## Input data
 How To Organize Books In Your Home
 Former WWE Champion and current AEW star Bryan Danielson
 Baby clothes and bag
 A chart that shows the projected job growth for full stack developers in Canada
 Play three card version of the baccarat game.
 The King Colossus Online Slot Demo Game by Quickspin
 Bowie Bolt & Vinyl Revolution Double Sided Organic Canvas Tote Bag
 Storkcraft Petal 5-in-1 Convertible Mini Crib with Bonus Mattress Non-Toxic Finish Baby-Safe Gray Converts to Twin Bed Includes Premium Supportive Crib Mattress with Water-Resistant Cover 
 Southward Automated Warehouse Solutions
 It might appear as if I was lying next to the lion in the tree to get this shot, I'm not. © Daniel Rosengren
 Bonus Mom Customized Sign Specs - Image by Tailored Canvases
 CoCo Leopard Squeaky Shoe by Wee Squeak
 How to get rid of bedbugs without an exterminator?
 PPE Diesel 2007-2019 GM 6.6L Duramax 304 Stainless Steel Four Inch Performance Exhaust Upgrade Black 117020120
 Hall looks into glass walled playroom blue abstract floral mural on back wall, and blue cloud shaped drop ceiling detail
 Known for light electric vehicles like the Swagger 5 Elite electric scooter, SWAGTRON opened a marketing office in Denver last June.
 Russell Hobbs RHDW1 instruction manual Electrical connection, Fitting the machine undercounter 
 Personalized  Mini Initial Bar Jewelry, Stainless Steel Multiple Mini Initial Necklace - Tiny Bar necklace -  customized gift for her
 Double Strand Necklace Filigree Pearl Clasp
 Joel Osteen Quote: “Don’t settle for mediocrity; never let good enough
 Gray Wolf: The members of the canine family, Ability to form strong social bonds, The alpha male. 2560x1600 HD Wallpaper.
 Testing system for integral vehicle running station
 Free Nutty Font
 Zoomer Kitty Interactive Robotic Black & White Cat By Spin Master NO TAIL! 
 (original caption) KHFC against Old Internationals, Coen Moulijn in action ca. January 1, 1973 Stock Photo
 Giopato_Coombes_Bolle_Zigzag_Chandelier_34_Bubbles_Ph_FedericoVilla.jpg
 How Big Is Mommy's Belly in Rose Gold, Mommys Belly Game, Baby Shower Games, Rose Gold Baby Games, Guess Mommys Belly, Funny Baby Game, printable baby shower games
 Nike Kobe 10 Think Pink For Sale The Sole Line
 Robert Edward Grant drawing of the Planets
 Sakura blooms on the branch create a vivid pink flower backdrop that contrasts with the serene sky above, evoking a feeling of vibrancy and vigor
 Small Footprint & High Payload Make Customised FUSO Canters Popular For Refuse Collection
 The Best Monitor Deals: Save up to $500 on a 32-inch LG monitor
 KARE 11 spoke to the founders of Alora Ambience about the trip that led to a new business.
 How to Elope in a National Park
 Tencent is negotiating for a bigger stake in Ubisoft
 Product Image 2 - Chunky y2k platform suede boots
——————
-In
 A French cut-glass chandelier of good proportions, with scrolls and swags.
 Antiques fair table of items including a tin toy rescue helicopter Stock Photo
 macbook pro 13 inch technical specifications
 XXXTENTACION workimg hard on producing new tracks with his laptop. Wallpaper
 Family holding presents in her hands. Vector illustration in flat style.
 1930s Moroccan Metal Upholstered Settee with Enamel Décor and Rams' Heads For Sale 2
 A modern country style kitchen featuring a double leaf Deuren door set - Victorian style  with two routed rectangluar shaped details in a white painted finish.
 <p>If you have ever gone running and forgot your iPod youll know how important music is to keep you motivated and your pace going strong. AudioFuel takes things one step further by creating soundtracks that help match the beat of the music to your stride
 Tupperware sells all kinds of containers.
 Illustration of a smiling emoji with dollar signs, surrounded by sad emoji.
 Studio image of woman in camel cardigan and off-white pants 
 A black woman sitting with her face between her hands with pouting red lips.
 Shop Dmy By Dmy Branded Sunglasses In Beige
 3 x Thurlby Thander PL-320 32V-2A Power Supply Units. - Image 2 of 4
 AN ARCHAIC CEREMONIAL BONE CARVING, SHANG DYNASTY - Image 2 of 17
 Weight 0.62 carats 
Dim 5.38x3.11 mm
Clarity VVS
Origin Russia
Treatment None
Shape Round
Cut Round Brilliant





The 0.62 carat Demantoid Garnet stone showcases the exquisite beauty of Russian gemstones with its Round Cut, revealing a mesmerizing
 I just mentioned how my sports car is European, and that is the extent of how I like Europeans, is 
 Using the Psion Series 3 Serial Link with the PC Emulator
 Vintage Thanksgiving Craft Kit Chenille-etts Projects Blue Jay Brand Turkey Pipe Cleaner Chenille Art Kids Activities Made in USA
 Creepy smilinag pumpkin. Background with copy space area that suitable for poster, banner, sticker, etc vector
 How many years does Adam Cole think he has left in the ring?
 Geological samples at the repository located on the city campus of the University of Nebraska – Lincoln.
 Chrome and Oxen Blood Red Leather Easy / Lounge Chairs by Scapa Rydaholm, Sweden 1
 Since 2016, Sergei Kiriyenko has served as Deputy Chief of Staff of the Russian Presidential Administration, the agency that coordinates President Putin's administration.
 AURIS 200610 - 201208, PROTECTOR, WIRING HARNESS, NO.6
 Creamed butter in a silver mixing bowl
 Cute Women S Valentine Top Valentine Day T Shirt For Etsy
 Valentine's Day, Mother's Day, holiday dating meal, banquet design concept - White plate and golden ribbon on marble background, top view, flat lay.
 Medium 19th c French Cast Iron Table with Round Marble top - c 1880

## Task description
Using the listing, say how many lines include the word "style", and add nothing else.

## Task solution
2